In general, we can solve quadratic equations $ax^2+bx+c=0$ with the quadratic formula:

$$x = \frac{-b\pm\sqrt{b^2-4ac}}{2a}.$$

As a hint, we can write $$x^2-8x+15 = 1\cdot x^2 + (-8)x + 15. $$

Now apply the quadratic formula.

Answer 4

$$x^2-8x+15=0$$

Think what two numbers multiply to make $15$ and add to make $-8$.

I know $5$ times $3$ is $15$. But $5$ plus $3$ is $8$. This is not $-8$ but it is close, so I change both numbers to negative, that way $-5+-3=-8$ and $(-5)(-3)=15$.

So my two numbers are $\color{red}{-3}$ and $\color{red}{-5}$. Then I look at what:

$$(x \color{red}{-3})(x \color{red}{-5})$$

Is, sure enough this is $x^2-8x+15$. This can be seen by "Foil" or double distributive.
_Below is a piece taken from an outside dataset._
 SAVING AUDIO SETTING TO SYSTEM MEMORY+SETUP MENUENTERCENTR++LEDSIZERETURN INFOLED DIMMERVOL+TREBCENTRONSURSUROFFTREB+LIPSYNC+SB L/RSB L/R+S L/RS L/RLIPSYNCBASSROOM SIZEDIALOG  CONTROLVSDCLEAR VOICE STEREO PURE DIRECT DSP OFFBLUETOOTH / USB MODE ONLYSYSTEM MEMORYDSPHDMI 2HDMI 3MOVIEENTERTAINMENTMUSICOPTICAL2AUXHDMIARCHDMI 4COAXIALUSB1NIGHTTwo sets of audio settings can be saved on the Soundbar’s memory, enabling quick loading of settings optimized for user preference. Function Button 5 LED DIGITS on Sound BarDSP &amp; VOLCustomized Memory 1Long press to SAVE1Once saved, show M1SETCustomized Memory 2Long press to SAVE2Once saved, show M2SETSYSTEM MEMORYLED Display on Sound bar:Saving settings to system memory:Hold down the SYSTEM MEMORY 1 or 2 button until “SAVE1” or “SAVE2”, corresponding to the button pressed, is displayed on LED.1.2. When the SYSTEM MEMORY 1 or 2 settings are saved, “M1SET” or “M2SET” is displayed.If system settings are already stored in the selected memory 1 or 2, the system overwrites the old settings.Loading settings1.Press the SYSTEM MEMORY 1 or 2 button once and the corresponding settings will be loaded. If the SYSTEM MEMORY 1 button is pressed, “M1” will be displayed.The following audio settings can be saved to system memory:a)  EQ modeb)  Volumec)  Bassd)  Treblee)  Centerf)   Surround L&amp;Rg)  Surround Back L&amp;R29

So to solve $$(x-3)(x-5)=0$$

We either have $x-3=0$ and or $x-5=0$. So $x=3$ or $x=5$.

Answer 5

If you're looking to avoid the Quadratic Formula and you're new to quadratic equations, it is possible that your questions can be solved using the following (basic) method. When you have:

$$ax^2 + bx + c = 0,$$

with $a = 1$, a very elementary method to check for solutions is to find two numbers that multiply to $a*c$ and add to $b$. Here, you have $a = 1$, $b = -8$, $c = 15$. So, we want to two numbers which multiply to:

$(a*c) = (1*15) = 15$, and add to $b = (-8)$

Two such numbers are (I believe you can verify) $-5$ and $-3$. You can now rewrite your equation as $$(x-5)(x-3) = 0$$

And, clearly, the two values of x which make this equal $0$ are $$x = 5, x = 3$$ since $5-5 = 0$, and $3-3 = 0$, and multiplying any value by $0$ gives $0$.

I hope this helps. You won't always be able to (easily) find values that multiply to $a*c$ and add to $b$, so in that case you'll most likely need the quadratic formula, as mentioned above.